International Meeting for Autism Research: The Neural Basis of Pronoun Selection in Autism

The Neural Basis of Pronoun Selection in Autism

Friday, May 21, 2010
Franklin Hall B Level 4 (Philadelphia Marriott Downtown)
3:00 PM
A. Mizuno , Psychology, Carnegie Mellon University, Pittsburgh, PA
Y. Liu , Center for Cognitive Brain Imaging, Carnegie Mellon University, Pittsburgh, PA
D. L. Williams , Department of Speech Language Pathology, Duquesne University, Pittsburgh, PA
T. A. Keller , Psychology, Center for Cognitive Brain Imaging, Carnegie Mellon University, Pittsburgh, PA
N. J. Minshew , Psychiatry and Neurology--Center for Excellence in Autism Research, University of Pittsburgh School of Medicine, Pittsburgh, PA
M. A. Just , Psychology, Center for Cognitive Brain Imaging, Carnegie Mellon University, Pittsburgh, PA
Background: Personal pronouns, such as ‘I’ and ‘you,’ are unfixed labels which require a mapping to their referent that is contingent who is using them.  Atypical production of pronominal expressions has been reported in children with autism (referring themselves with the pronoun “you”), but the underlying neural basis has not been understood, nor has the phenomenon been studied in adults with autism.

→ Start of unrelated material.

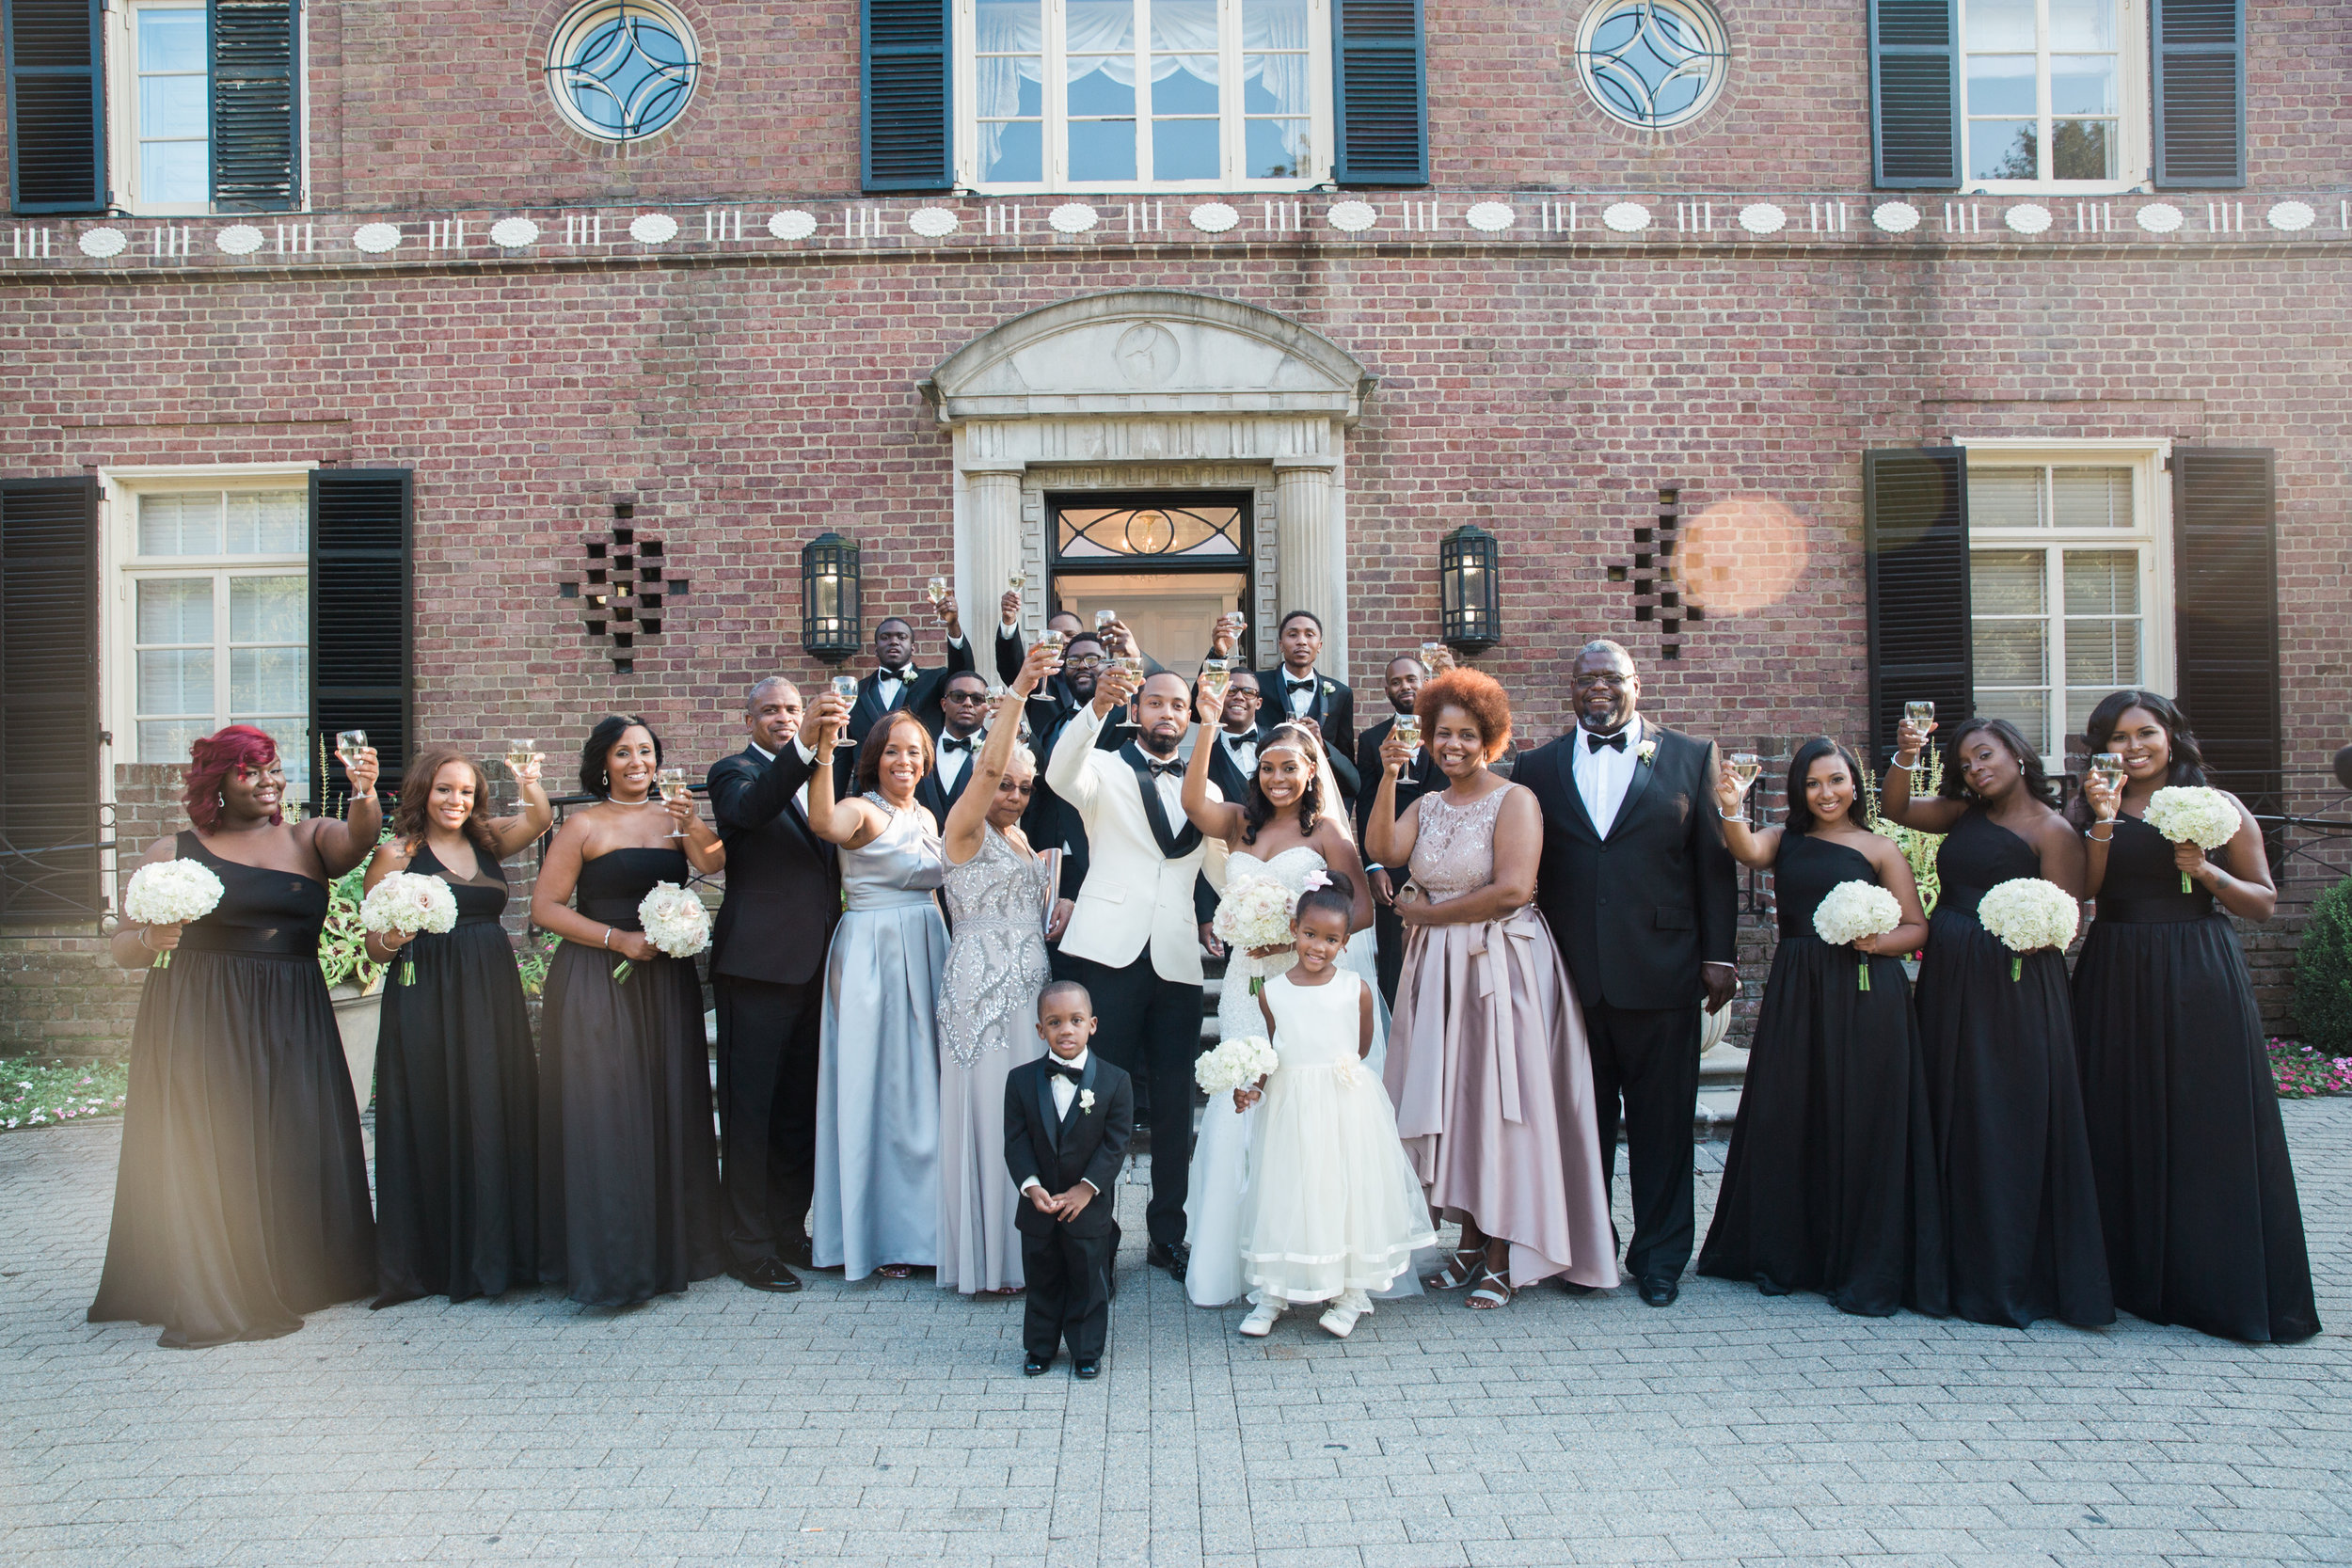 Black Wedding Photographer in Washington DC Megapixels Media black bridesmaids dresses.jpg

Objectives: The aim of the current study was to compare the brain activation pattern and functional connectivity of adults with high functioning autism and controls using fMRI in a perspective-taking task which requires reversing personal pronouns ‘I’ and ‘you’ depending on who is referring.

Methods: Participants were 15 adults with high-functioning autism and 15 matched neurotypical adults. In one condition of the perspective-taking task, participants were asked to designate generate a response from either a first- or second-person perspective. In the other condition, they were asked to designate the person who was facing to the object. Both conditions used proper names as an additional control for the use of pronouns. The main condition of interest required participants to reverse a pronoun, such as responding with “I” when asked about “you.”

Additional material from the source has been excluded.